== Segment start ==

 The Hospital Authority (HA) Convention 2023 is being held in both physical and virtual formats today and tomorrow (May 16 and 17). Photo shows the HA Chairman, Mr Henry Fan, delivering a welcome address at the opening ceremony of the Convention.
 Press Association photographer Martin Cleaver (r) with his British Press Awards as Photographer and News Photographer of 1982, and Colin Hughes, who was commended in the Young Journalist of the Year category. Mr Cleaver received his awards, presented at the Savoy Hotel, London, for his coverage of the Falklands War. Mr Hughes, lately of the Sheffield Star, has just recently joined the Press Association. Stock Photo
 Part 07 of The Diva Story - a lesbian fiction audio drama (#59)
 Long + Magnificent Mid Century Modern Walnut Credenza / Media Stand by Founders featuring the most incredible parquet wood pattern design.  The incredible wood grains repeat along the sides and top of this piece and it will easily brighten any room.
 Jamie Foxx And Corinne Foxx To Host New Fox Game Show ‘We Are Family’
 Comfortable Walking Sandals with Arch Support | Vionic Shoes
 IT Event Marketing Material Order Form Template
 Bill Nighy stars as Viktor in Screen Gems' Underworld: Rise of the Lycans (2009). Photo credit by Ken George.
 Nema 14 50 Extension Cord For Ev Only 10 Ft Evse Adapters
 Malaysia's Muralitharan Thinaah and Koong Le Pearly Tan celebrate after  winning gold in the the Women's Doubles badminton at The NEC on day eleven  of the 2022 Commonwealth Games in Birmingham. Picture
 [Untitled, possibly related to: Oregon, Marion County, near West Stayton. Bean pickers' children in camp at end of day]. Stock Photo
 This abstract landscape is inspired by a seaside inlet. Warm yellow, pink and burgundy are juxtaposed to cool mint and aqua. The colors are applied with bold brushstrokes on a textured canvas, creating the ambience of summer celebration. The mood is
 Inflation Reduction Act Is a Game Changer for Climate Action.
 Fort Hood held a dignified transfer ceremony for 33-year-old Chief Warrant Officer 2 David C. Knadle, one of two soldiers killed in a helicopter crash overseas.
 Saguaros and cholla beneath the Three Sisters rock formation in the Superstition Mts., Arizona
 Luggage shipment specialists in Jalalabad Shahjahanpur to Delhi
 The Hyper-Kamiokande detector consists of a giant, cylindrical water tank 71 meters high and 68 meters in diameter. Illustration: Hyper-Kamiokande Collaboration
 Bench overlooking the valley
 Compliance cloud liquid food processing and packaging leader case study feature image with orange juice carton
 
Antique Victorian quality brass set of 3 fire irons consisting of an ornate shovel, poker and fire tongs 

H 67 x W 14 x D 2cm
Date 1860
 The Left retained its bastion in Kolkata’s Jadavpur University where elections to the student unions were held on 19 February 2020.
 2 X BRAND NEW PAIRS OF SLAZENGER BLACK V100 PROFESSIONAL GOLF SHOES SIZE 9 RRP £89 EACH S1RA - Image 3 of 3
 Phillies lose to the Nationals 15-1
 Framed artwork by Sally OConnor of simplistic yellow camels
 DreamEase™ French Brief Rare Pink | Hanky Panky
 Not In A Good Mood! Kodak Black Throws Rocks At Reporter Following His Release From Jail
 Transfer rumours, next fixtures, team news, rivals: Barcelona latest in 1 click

== Segment end ==

• _Directions_: Return, with no change at all, every line in the entries above from the line containing "Luggage shipment specialists" through the line containing "Bench overlooking the valley".

• _Response_:
 Luggage shipment specialists in Jalalabad Shahjahanpur to Delhi
 The Hyper-Kamiokande detector consists of a giant, cylindrical water tank 71 meters high and 68 meters in diameter. Illustration: Hyper-Kamiokande Collaboration
 Bench overlooking the valley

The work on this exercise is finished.